The Lady and the Valley thrives when it stays focused on Liz’s daring scam, backed up by firsthand stories from family members and colleagues who describe her as both a crafty con man and a doting wife and mother. For the majority of the first three episodes, it proves an entertaining gonzo portrait of rebellious self-definition as Liz strives to break legal and social norms to make something of herself. Sadly, by the time the final episode rolls out, Cammilleri and Drucker’s series falls in love with arousing sympathy for the subject as a victim of intolerant anti-discrimination, largely due to the media’s stance on Liz – led by Carlson, whose son Tucker continues his ugly legacy on Fox News – was to ridicule and humiliate her as a man posing as a woman in order to escape law enforcement. (Dick Carlson eventually won a Peabody for his transphobic coverage of Carmichael and would later make headlines for his performance against transgender tennis player Renee Richards.)

… The media’s stance on Liz – led by Carlson, whose son Tucker continues his ugly legacy on Fox News – was to ridicule and humiliate her as a man posing as a woman in order to escape law enforcement .

That Liz was treated unfairly (and sometimes horribly) by journalists is undeniable from the archive footage on display. But through talking commentary and a score that conveys his festive attitude, The Lady and the Valley tries to portray Liz as an unfairly persecuted trans-outlaw hero who just doesn’t fit in with her significant rap magazine. To do this, it downplays and / or rationalizes its crime, only trapping it in messy and dubious logic. Most confusingly of all, the series claims that Liz’s trans identity wasn’t a hoax and thus was unrelated to her crime (which makes sense), only to turn around and claim that if she were in a different, more tolerant era Growing up, she could have lived a very different, law-abiding life – a contradictory attitude that ultimately suggests a link between her transness and chronic quackery.

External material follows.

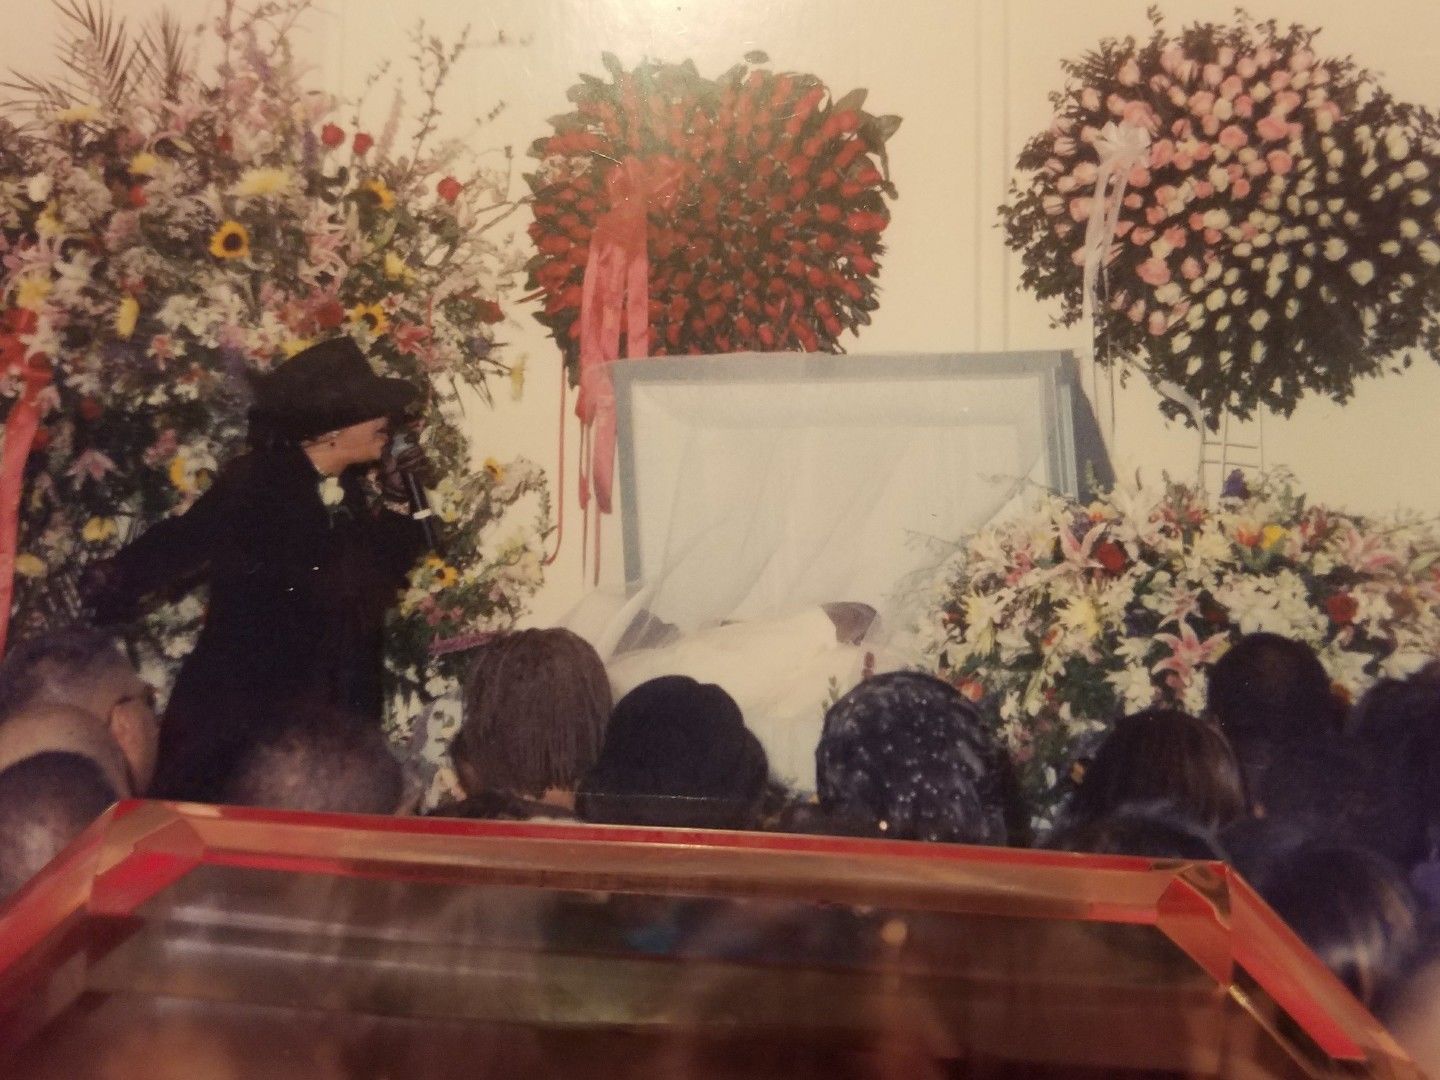 Une femme prend la parole lors de la veillée funèbre de Notorious B.I.G. Photo : The Coli Forum.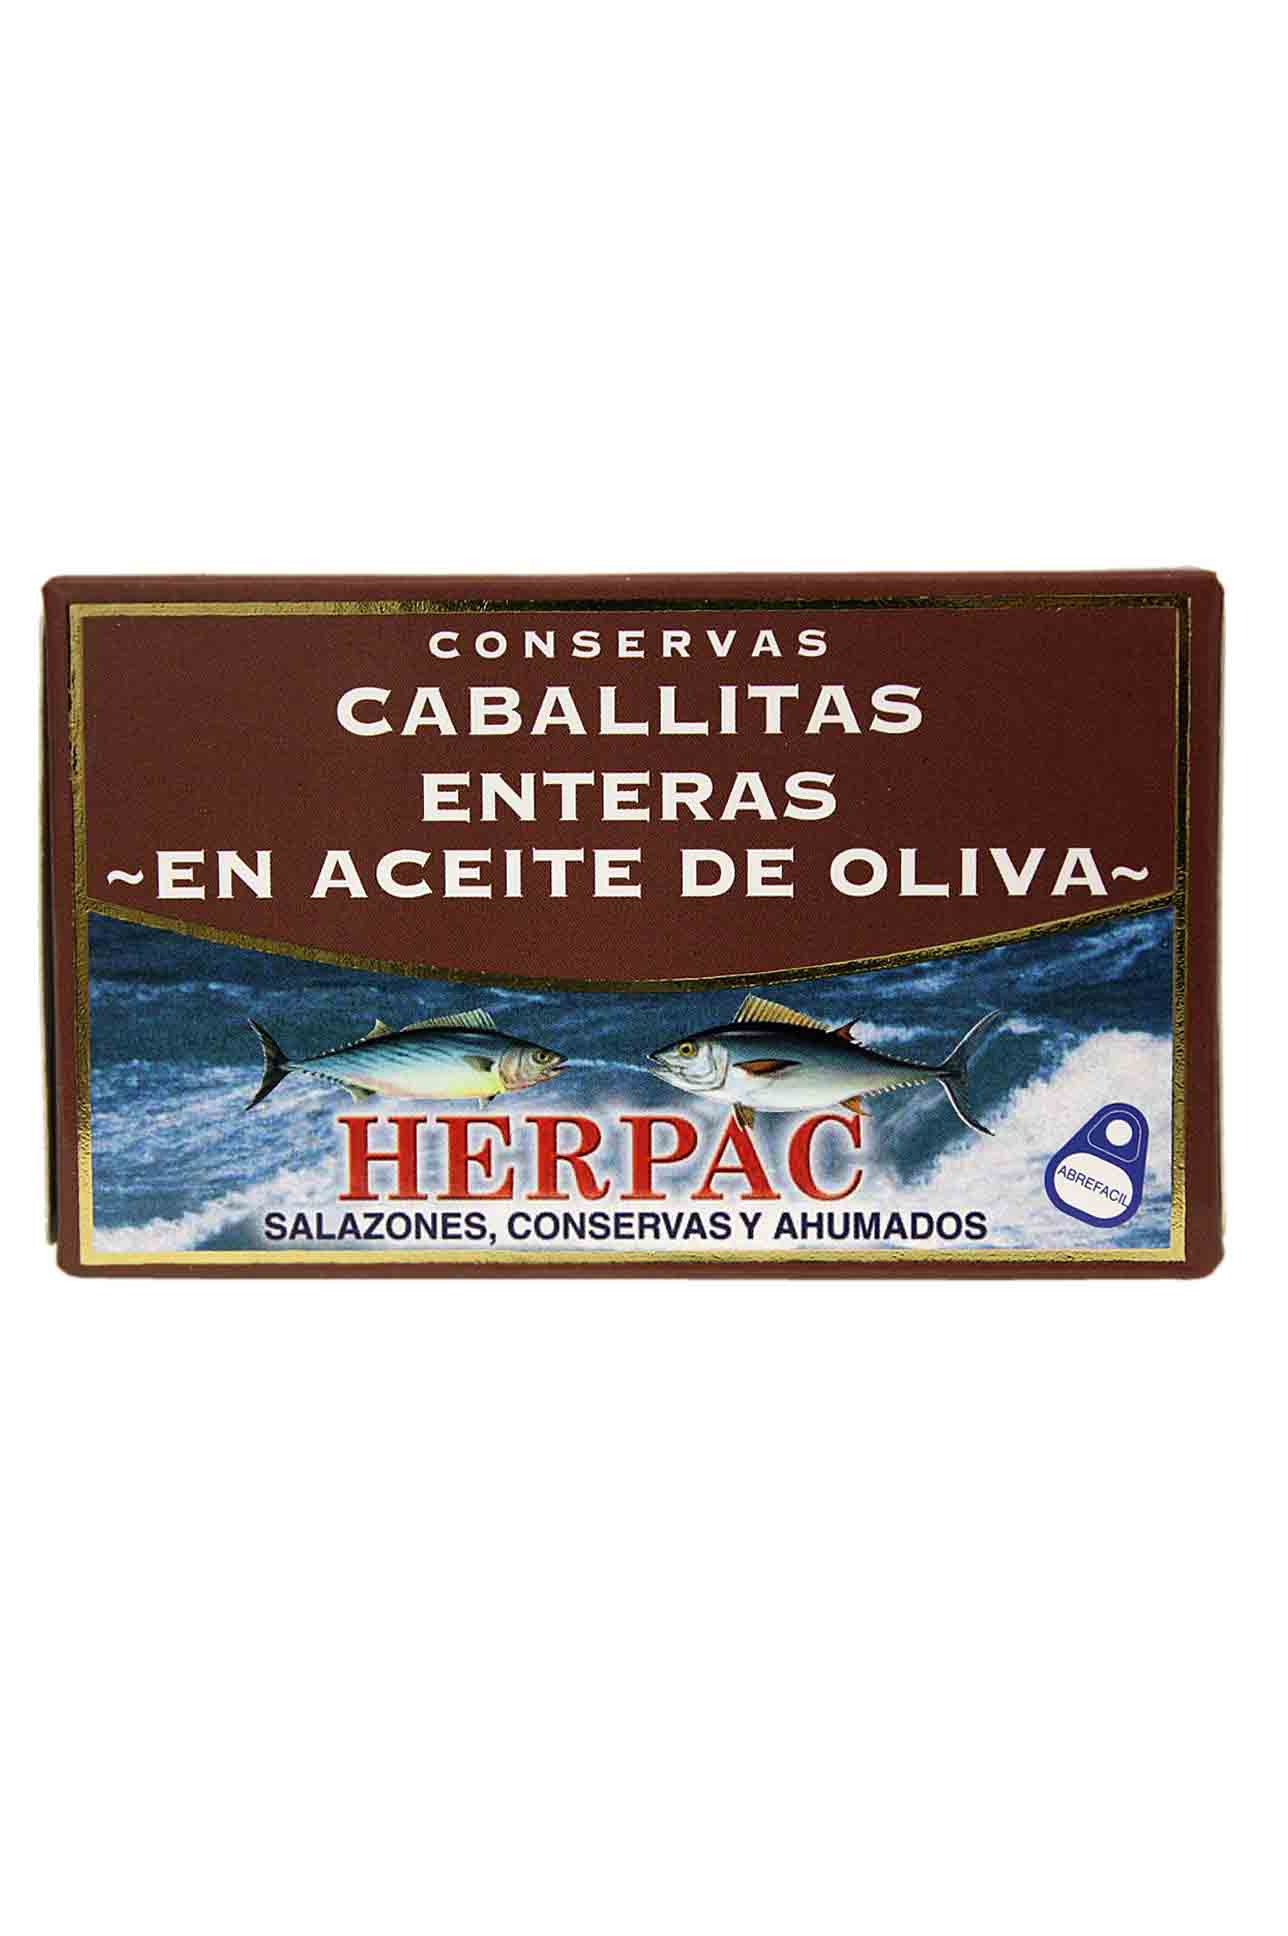 Caballas Enteras En Aceite De Oliva Herpac

Consequently, The Lady and the Valley eventually loses the thread, culminating in a history lesson about maligned trans men and women who, by its addition, portrays Liz more as a like-minded oppressed pioneer than the bizarre con man she was until her death. It is eventually so consumed by infusing his material with hagiographic import – with the making of Liz’s saga meaningful– that it forgets what made it so attractive in the first place.